Zhu, Guohun and Li, Yan ORCID: https://orcid.org/0000-0002-4694-4926 and Wen, Peng (Paul)
ORCID: https://orcid.org/0000-0003-0939-9145
(2014)
Epileptic seizure detection in EEGs signals using a fast weighted horizontal visibility algorithm.
Computer Methods and Programs in Biomedicine, 115 (2).
pp. 64-75.
ISSN 0169-2607
Abstract
This paper proposes a fast weighted horizontal visibility graph constructing algorithm (FWHVA) to identify seizure from EEG signals. The performance of the FWHVA is evaluated by comparing with Fast Fourier Transform (FFT) and sample entropy (SampEn) method.
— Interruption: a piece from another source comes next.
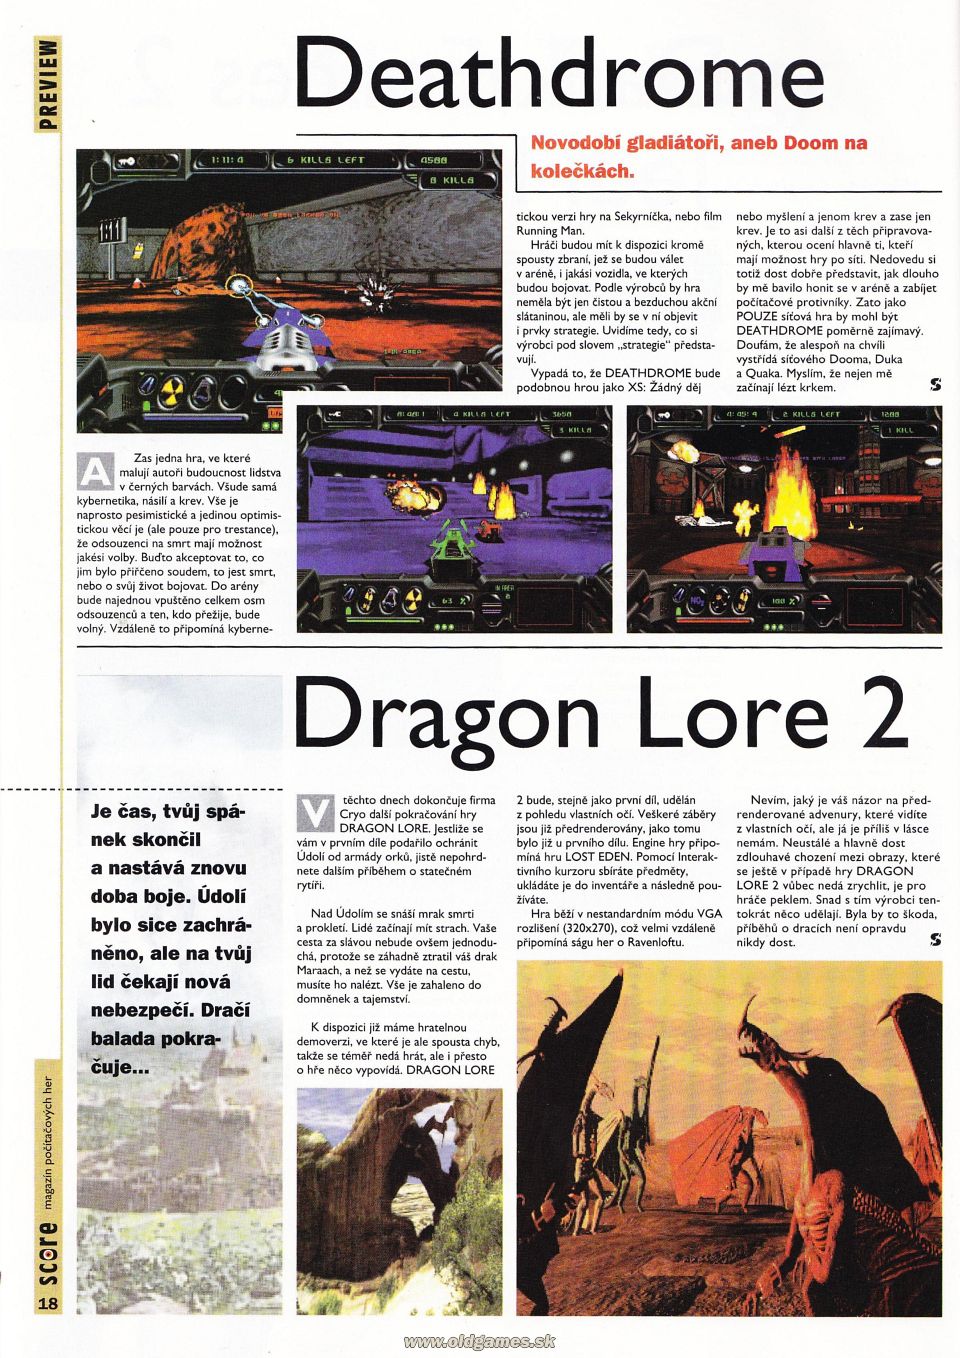 Preview: Deathdrome, Dragon Lore 2

Two noise-robustness graph features based on the FWHVA, mean degree and mean strength, are investigated using two chaos signals and five groups of EEG signals. Experimental results show that feature extraction using the FWHVA is faster than that of SampEn and FFT. And mean strength feature associated with ictal EEG is significant higher than that of healthy and inter-ictal EEGs. In addition, an 100% classification accuracy for identifying seizure from healthy shows that the features based on the FWHVA are more promising than the frequency features based on FFT and entropy indices based on SampEn for time series classification.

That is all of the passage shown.